HSBC EMEA Stock Selection Overview

HSBC has released its latest set of stock ideas for the Europe, Middle East and Africa (EMEA) region, concentrating on companies it believes possess strong earnings‑growth potential, improving capital returns and structural tailwinds. The picks span telecommunications, materials, real estate and energy‑infrastructure sectors and are presented as opportunities for institutional investors.

MTN Group (South Africa)

HSBC projects MTN Group to achieve approximately 18% revenue growth and 24% EBITDA growth in 2026, which would translate into a 36% year‑over‑year increase in earnings per share. The company’s dividend policy targets a return of 40‑60% of free cash flow to equity, and buybacks are now explicitly considered at up to 20% of free cash flow. Operations in Nigeria and Ghana have not suffered material cost or capex impacts from current geopolitical conflicts. HSBC notes the proposed IHS acquisition as strategically de‑risking and immediately accretive. In the most recent update, MTN reported a 9.7% decline in first‑quarter service revenue, attributing the drop to currency devaluations in Nigeria, and is discussing the sale of its stake in a Ghana‑based cell‑tower joint venture.

SABIC Agri‑Nutrients (Saudi Arabia)

The firm offers direct exposure to higher urea pricing, with nitrogen demand viewed as more resilient than phosphates and potash. HSBC expects nitrogen prices to settle at a higher post‑crisis base due to ongoing supply shocks. The SAFCO 6 and 7 projects will add roughly 3.8 million tonnes of blue ammonia and urea capacity, compared with the existing 4.8 million tonnes, supporting medium‑term volume growth. SABIC Agri‑Nutrients posted a 22% year‑on‑year decline in first‑quarter net profit, driven by lower average selling prices, while sales volumes remained stable.

ALDAR Properties (UAE)

ALDAR delivered first‑quarter 2026 EBITDA that beat expectations, growing 22% year‑over‑year, with investment‑adjusted EBITDA up 18% on the back of high occupancy and rental growth. The company maintains a record backlog of AED 72.1 billion and a replenished land bank with a gross development value of AED 61 billion, providing strong earnings visibility. Net profit rose 15% in the quarter, and ALDAR announced a joint‑venture acquisition of Al Hamra Mall for AED 410 million.

Alpha Bank (Greece)

HSBC expects Alpha Bank to deliver the strongest earnings‑per‑share compound annual growth rate among Greek banks, estimated at roughly 17%. The full‑year consolidation of Astrobank in 2026 is projected to lift earnings, while the addition of Axia investment‑banking and the Altius and Universal insurance operations should accelerate fee growth and reduce reliance on net interest margin.
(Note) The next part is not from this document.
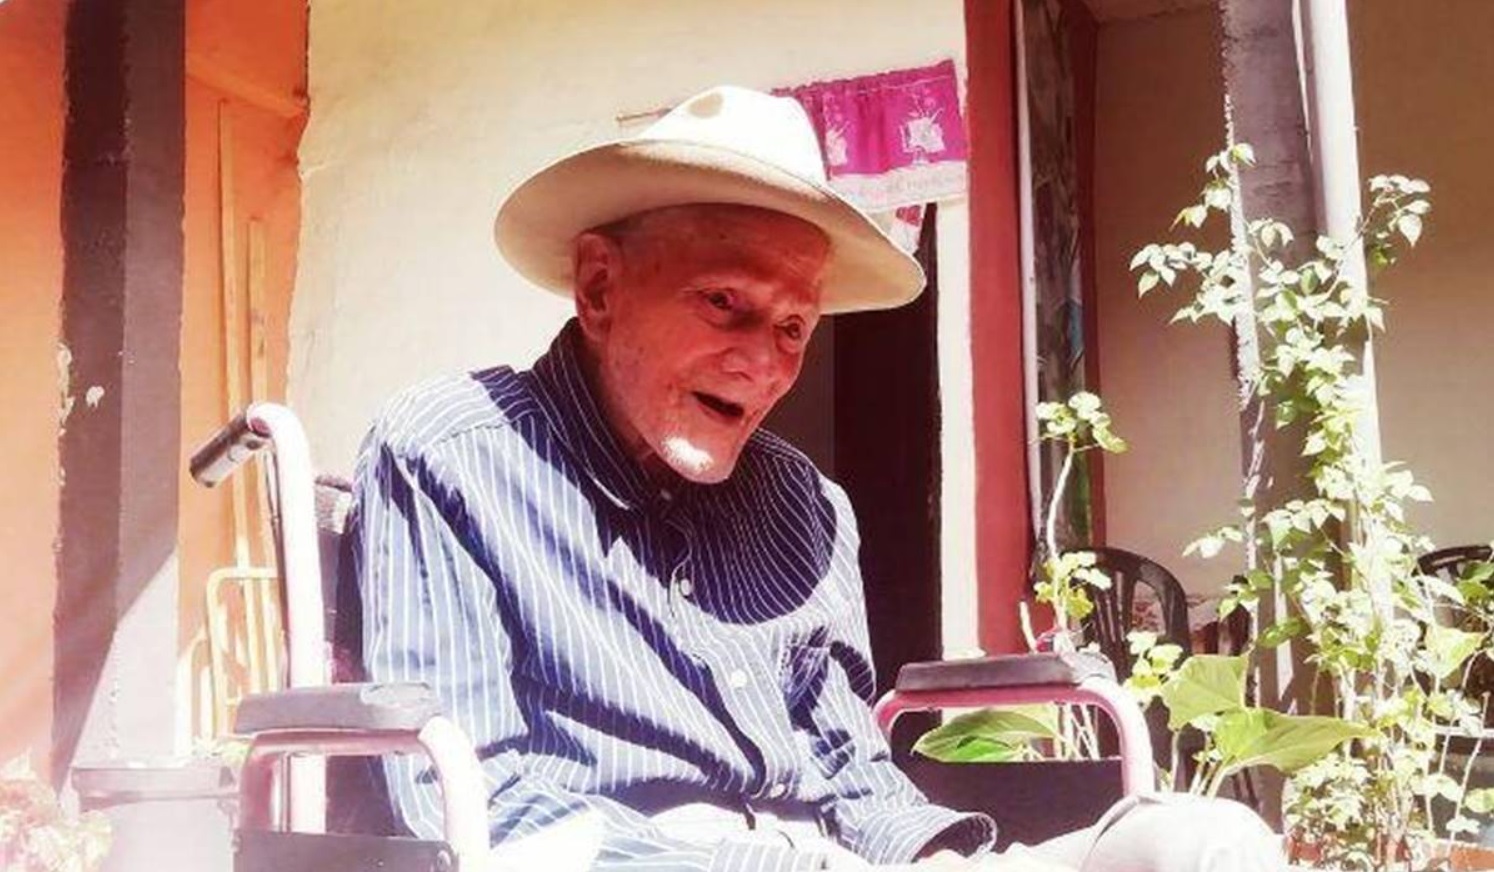 Juan Vicente Perez Mora, certificado em 2022 pelo Guinness World Records como o homem mais velho do mundo

Alpha Bank recently completed the sale of a non‑performing loan portfolio with a gross book value of €0.5 billion and reaffirmed its full‑year 2026 guidance.

Sibanye Stillwater (South Africa)

EBITDA for Sibanye Stillwater is expected to grow 48% year‑over‑year in 2026 under HSBC’s price assumptions, reflecting significant operating leverage in precious‑metals. The company’s leverage has improved to 0.59 times net debt to adjusted EBITDA, and dividends have been reinstated. Exposure to lithium through Keliber adds longer‑term growth optionality. Jefferies analysts upgraded Sibanye to “Buy” from “Hold”, citing a more positive outlook for platinum‑group‑metal prices and progress in deleveraging.

Astor Enerji (Turkey)

U.S. export orders to Astor Enerji have reached approximately USD 1 billion year‑to‑date, with the United States now accounting for two‑thirds of the company’s estimated backlog. HSBC forecasts revenue to more than double from roughly USD 1.1 billion in 2026 to about USD 2.4 billion in 2028, while EBITDA margins are expected to improve from the low‑30% range toward the high‑30% range.

Marafiq (Saudi Arabia)

Marafiq anticipates receiving tariff‑discount compensation beginning in the second quarter and continuing into the third quarter of 2026. In early May 2026 the company disclosed discussions about selling power output on a cost‑plus basis, a move intended to mitigate margin compression arising from recent fuel‑price hikes.